Summary
Vanderbilt researchers have developed an injectable drug delivery vehicle using microparticles (MPs) that can deliver cargos in the eye for at least 6 weeks while also playing a therapeutic role in reducing inflammation.
Addressed Need
Targeted delivery of anti-inflammatory drugs could be used to treat many ocular diseases, including glaucoma and traumatic optic neuropathy, two blindness-inducing conditions associated with inflammation of the optic nerve. While therapeutics can be effectively delivered to this tissue by injection, the rapid clearance of free drugs from the intravitreal space necessitates recurring injections that increase costs, patient inconvenience, and the risk of further damage. Intravitreally injected MPs can be used to release drug cargos over time, but many of these are made from materials that exacerbate inflammation, including the clinical gold standard poly(lactic-co-glycolic acid) (PLGA).
Technology Description
To overcome these challenges, Vanderbilt researchers have developed MPs with tunable properties using propylene sulfide (PS) and ethylene sulfide (ES) copolymers. Being hydrophobic themselves, these MPs can be loaded directly with hydrophobic cargos, many of which cannot be delivered to target tissues using conventional approaches; or loaded with hydrophilic or charged cargos using novel preparation methods. This polymer backbone becomes hydrophilic when oxidized, releasing its cargo while removing reactive oxygen species (ROS) from the tissue. As drug cargo for treating inflammation of the optic nerve, the inventors have also modified the anti-inflammatory cytokine erythropoietin (EPO) to reduce potentially dangerous side effects.
Competitive Advantages
Whereas injections of free EPO are cleared from the intravitreal space in a matter of days, the PPSES MPs have been demonstrated to provide over 6 weeks of sustained drug release in the eye (Fig. A). While the commonly used PLGA exacerbates inflammation, PPSES acts as an antioxidant, significantly reducing ROS in the environment when administered alone or with EPO cargo (Fig. B). Data from electrophysiological tests indicate that this two-pronged therapeutic effectively improves visual function in mouse models of multiple ocular diseases (Fig. C).
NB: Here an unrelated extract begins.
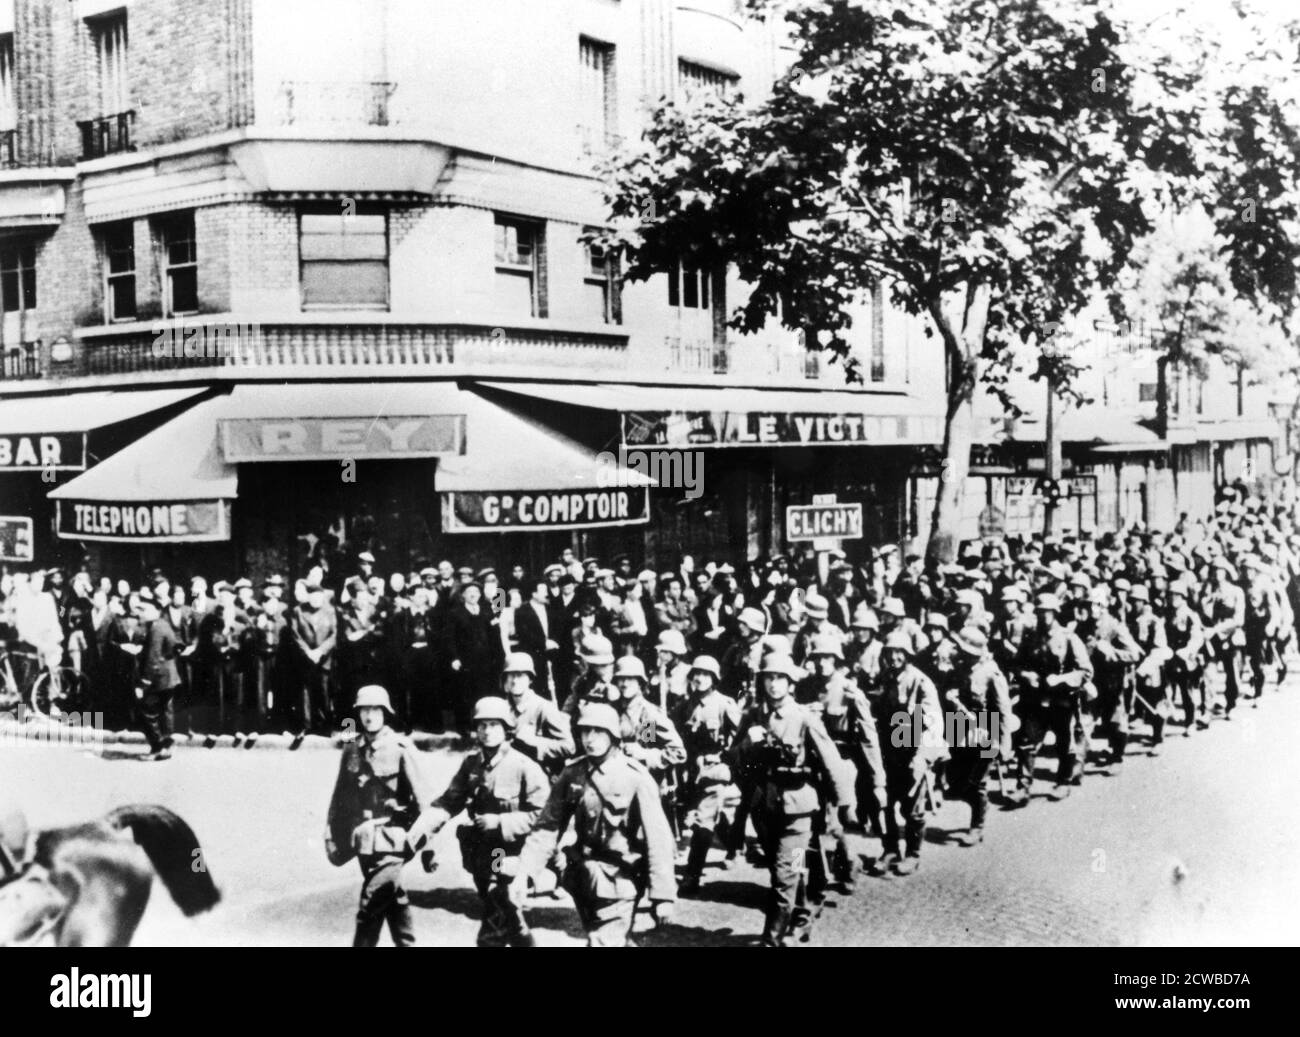 Ankunft der ersten deutschen Truppen in Paris, Juni 1940. Die Deutschen kamen am 14. Juni, zu Beginn einer vierjährigen Besatzung, nach Paris, das von der ausscheidenden französischen Regierung zur offenen Stadt erklärt worden war. Der Fotograf ist unbekannt. Stockfoto

Stage of Development and Intellectual Property Status
The inventors have now developed 3rd generation MPs with increased drug delivery durations and improved visual performance. They have validated these and prior versions of their technology in vitro using endotoxin and drug release kinetics assays; and in vivo using mouse models for glaucoma and traumatic optic neuropathy. We are seeking commercial partners to further develop this technology for clinical applications.
Patents: WO2023205175. Additional patent application has been filed.
Publication: Journal of Controlled Release, 2021
Figure: Biochemical and electrophysiological data from a mouse model for glaucoma demonstrate effective treatment of inflammation in the eye using EPO-loaded PPSES MPs. A MPs provided sustained EPO delivery for 6 weeks, yielding higher retinal EPO levels at the end of the study. B PPSES scavenges ROS from the eye, resulting in near-normal levels of ROS when administered alone and below-normal levels of ROS when loaded with EPO. C Electrophysiological data, such as this VEP data measuring ganglion cell function, indicate that intravitreal PPSES MPs loaded with EPO improve visual function.